Breece Hall caught a short pass from Justin Fields and scored a 4-yard receiving touchdown with about two minutes left. Nick Folk’s extra point made it 39–38.

5. How many touchdowns did Breece Hall score?

Hall scored 3 touchdowns — 2 rushing and 1 receiving — all in the fourth quarter.

6. Who started at quarterback for the Bengals?

Joe Flacco started for Cincinnati. He completed 21 of 34 passes for 223 yards and 2 touchdowns with a 100.5 rating.

7. Did either team turn the ball over?

No. Both teams played turnover-free football across all four quarters — zero interceptions and zero fumbles lost for either side.

8. What was the score at halftime?

Cincinnati led 24–13 at the break, largely built on a big second quarter from Flacco’s arm.

9. How was time of possession split?

The Jets dominated possession — 33:40 to the Bengals’ 26:20. Almost a 7-minute advantage for New York.

10. Who kicked field goals for the Jets and how did they do?

Nick Folk was 3-for-3, connecting from 46, 25, and 24 yards.
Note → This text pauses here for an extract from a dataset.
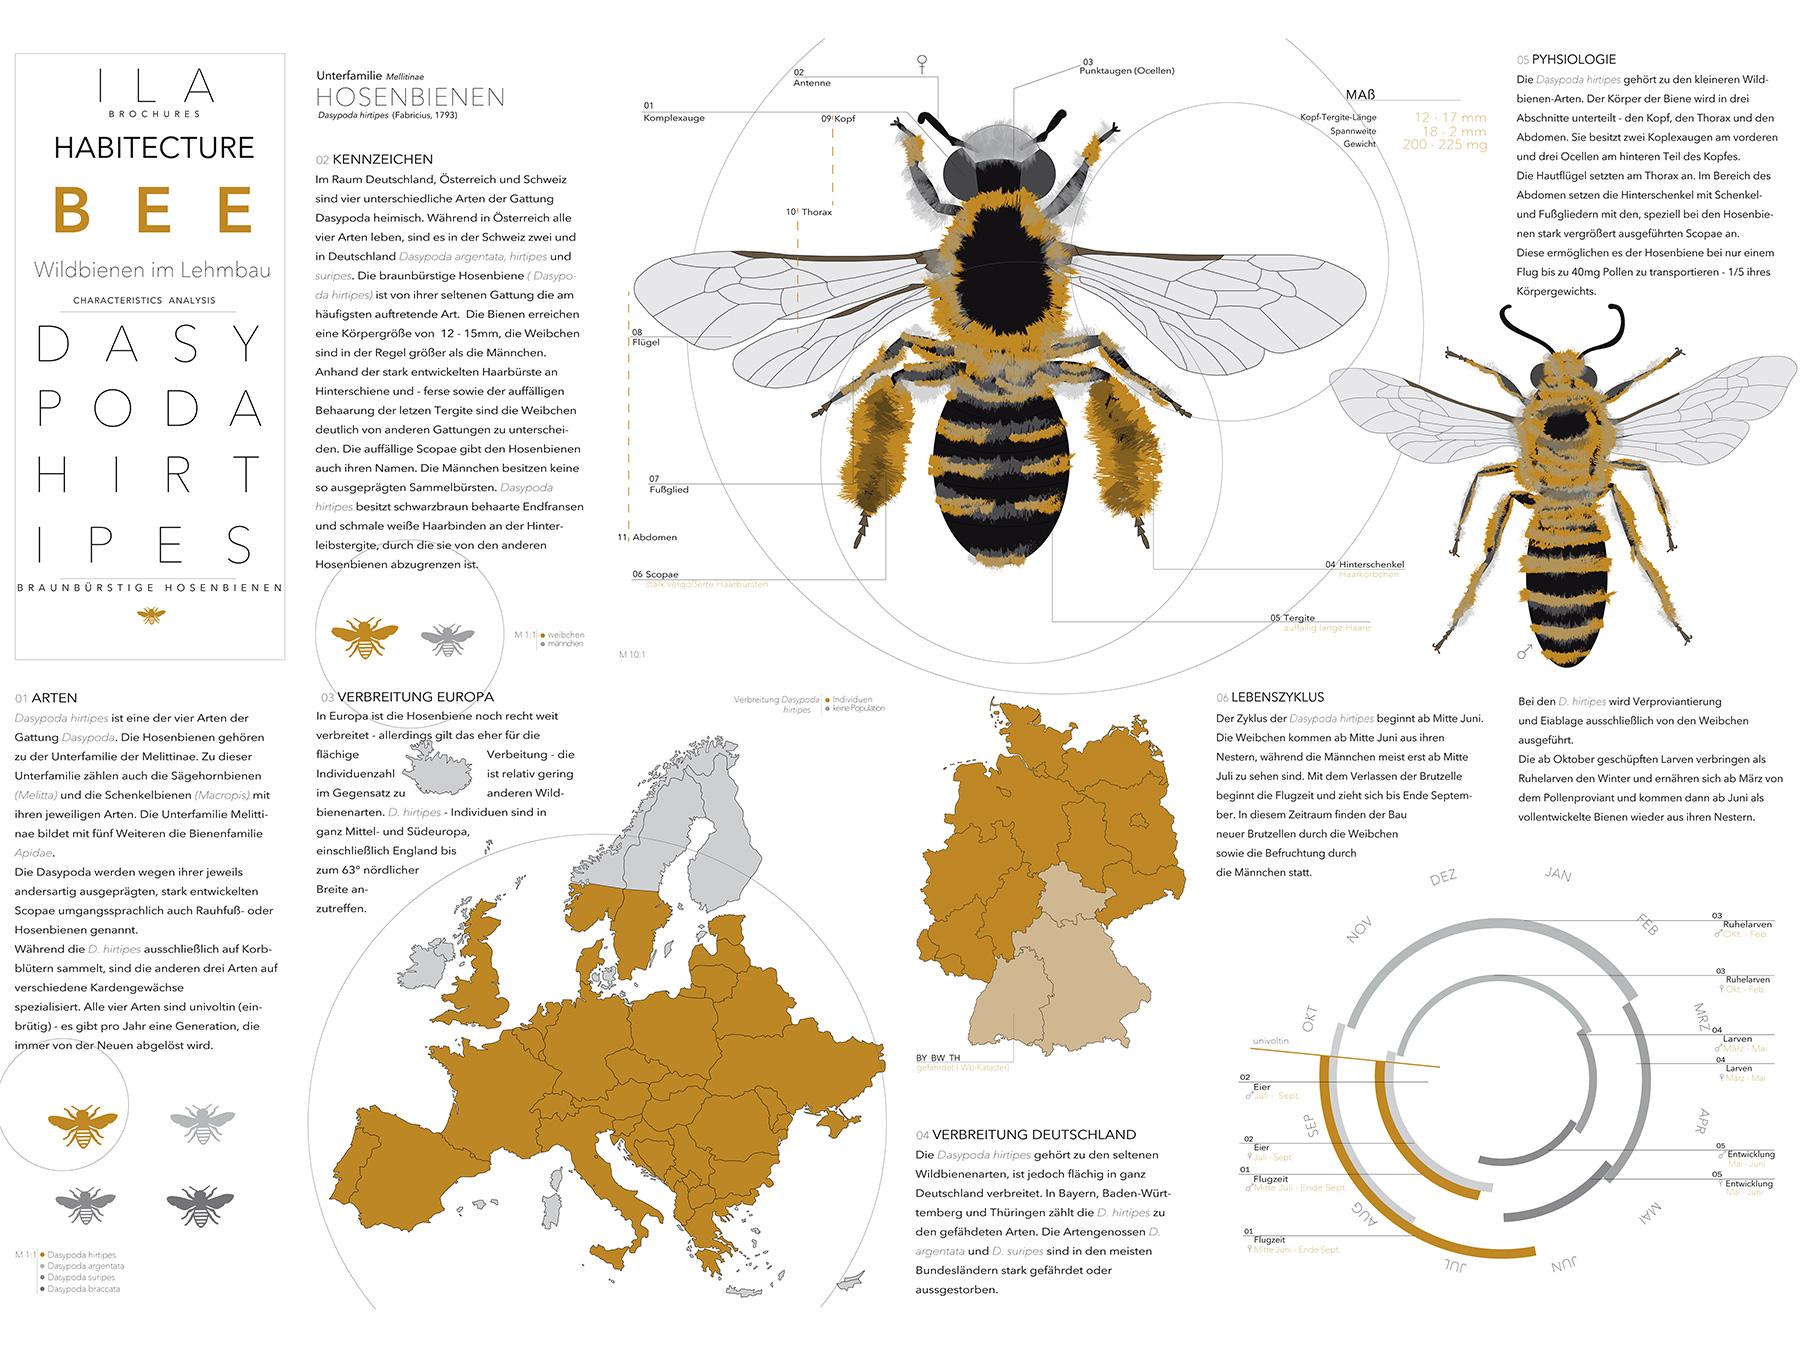 Analysen Wildbienen im Lehmbau I Braunbürstige Hosenbiene Dasypoda hirtipes I Zeichnung Louisa Strehlau - 01

He contributed 10 points to the final score.

11. What was the biggest play of the game?

Tee Higgins’ 44-yard touchdown catch in the second quarter was the longest play of the game, putting the Bengals up 16–3.

12. Did the Jets attempt any two-point conversions?

Yes — two of them. One succeeded (Justin Fields rushed it in). One was initially ruled incomplete but overturned on review and counted.

13. How many total yards did each team gain?

Jets: 502 total yards. Bengals: 398 total yards. New York outgained Cincinnati by 104 yards.

14. Where was the game played?

At Paycor Stadium in Cincinnati, Ohio — the Bengals’ home field.

15. What was the Jets’ record before this game?

The Jets had gone through a difficult stretch of losses before this game — the win over Cleveland had been the prior bright spot — making this Bengals comeback particularly meaningful for the team.